Yeah all good points I agree with. Although I suppose the angle is if you have a decent handful of directional options traders as a portfolio build a statistical significance
You could do an IB friends and family account that lets you trade 15 accounts from a master account and charge them a share of the profits.
Thank you, but I would not exactly say that those firms actually fund traders. At best, they give you $5K of margin. Could be worthwhile for someone who's completely new to the business as an alternative to pure simulator trading. Or for someone who's so broke that they literally only have $350 to their name. If not - no reason to not put up $5K to trade your own account, IMO.
Hmm If that’s the case then I agree no point. But was under the impression they can back you up to a couple hundred grand based on hitting their performance thresholds
False advertisement I'm afraid. There firms have been thoroughly exposed on this forum through various threads. They call it a $150K account, but the maximum drawdown is $5K. Usually, there's a scaling plan, too. Meaning you can't start trading more than 3-5 contracts on your live account. So, basically they're giving you $5K to trade with. If you lose that or break a rule you're done - regardless of your results in the evaluation. They'll be happy to let you try again for $350, though. I reasoned that maybe eventually such a firm would truly stake you if you show yourself to be a good trader with the live account, but I've seen no proof of that and sincerely don't believe that to be the case. It's basically a modern day bucket shop. Let's get back on topic. Do you have any capital to put up yourself? I was recommend to check out T3 Trading Group by a friend. He uses some of their services, but have no experience with the get-funded part of the company. Neither have I. But I did talk with them briefly about it and they seemed like good people. Basically, you have to put up your own money, unless you have a track record to show them. I now see that they offer options, too. I have no idea if they're legitimate and at this point I'm starting to think that everyone in this business are charlatans, but who knows... If you reach out to them - it would be nice to hear how it goes. I declined their offer at the time being and am currently trading my own capital strictly, but I don't rule out trading with them eventually. https://www.t3trading.com/
I know that list of firms. https://www.traderslog.com/proprietarytradingfirms Mostly this firms are something around liquidity providing on US stocks, US futures or EU stocks/futures markets. So probably you can be EMPLOYED here as a good quant, data engineer, software engineer or may be a trader with math/statistics skills. So it's not a pure capital raising...
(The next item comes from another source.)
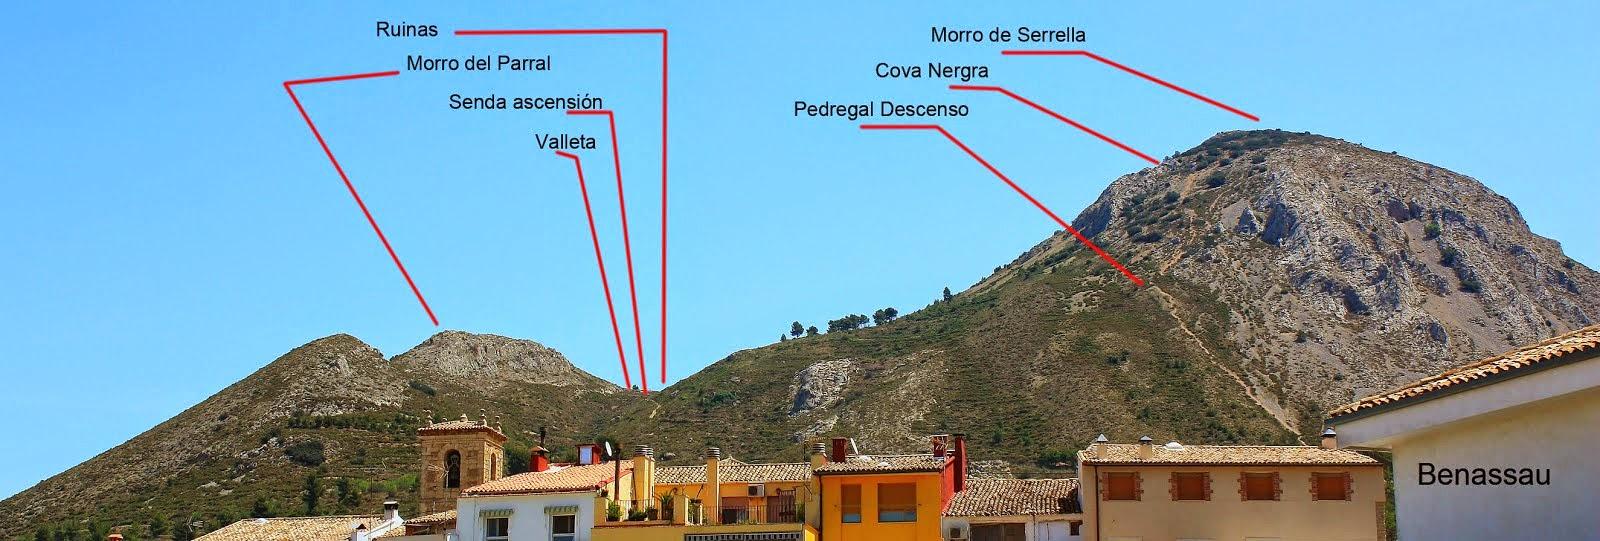 Morro de Serrella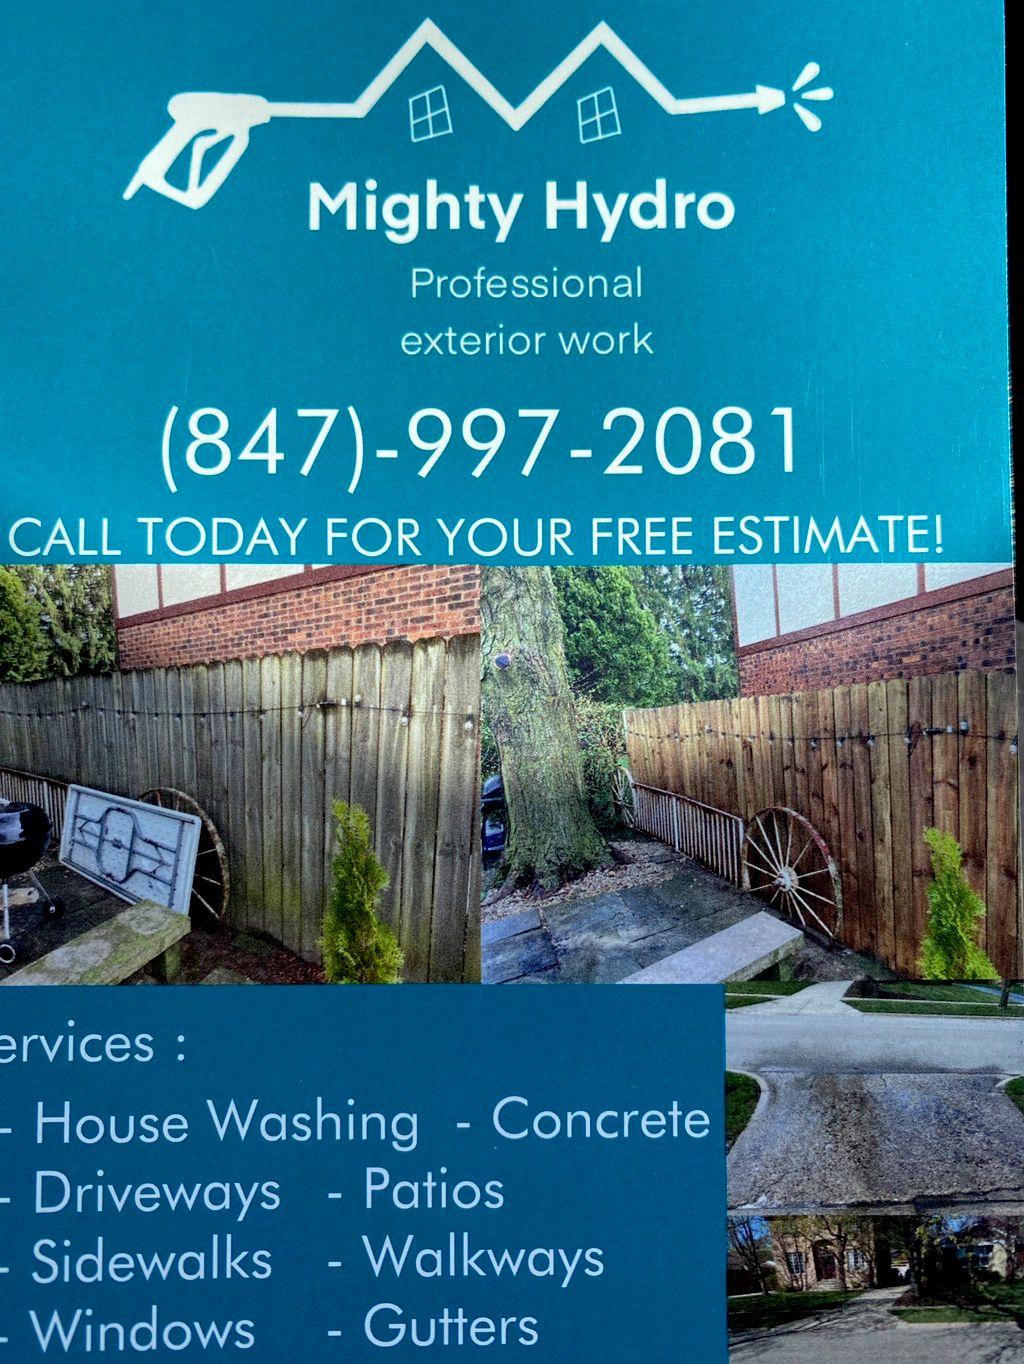 Mighty Hydro Exteriors

In response, I would like to ask the following question... If I coming to some prop firm (in US or in London for example) with "non-standard" idea to trade something in derivatives on emerging market exchanges (for example India, Korea, Brazil and etc.) or even crypto exchanges... Then what is expected annual return from this adventure should be, that prop firm holders can think about opening this line? 1m$ annually? 10m$ annually? 100m$ annually? or even less than 1m$ annually? I really don't know how economics of this process are looks like for firms, will be happy for your advices
Generally prop firms wouldn’t consider someone joining that wanted to trade on markets or exchanges they weren’t already familiar with. The turnover of people coming in to prop firms with grand ideas that don’t end up making money means it’s just not worth their time and effort getting access to various new exchanges, the risk of trading a market they aren’t familiar with etc. If however you approach them with a successful track record trading a new market and offer to fund the initial risk and setup they will welcome you with open arms as it’s a new way for them to diversify. But I think you would need to have shown in excess of $200k in profits a year for someone to take you on trading a new market. But if you were looking to join a firm trading traditional markets that’s very different. Entry requirements much lower.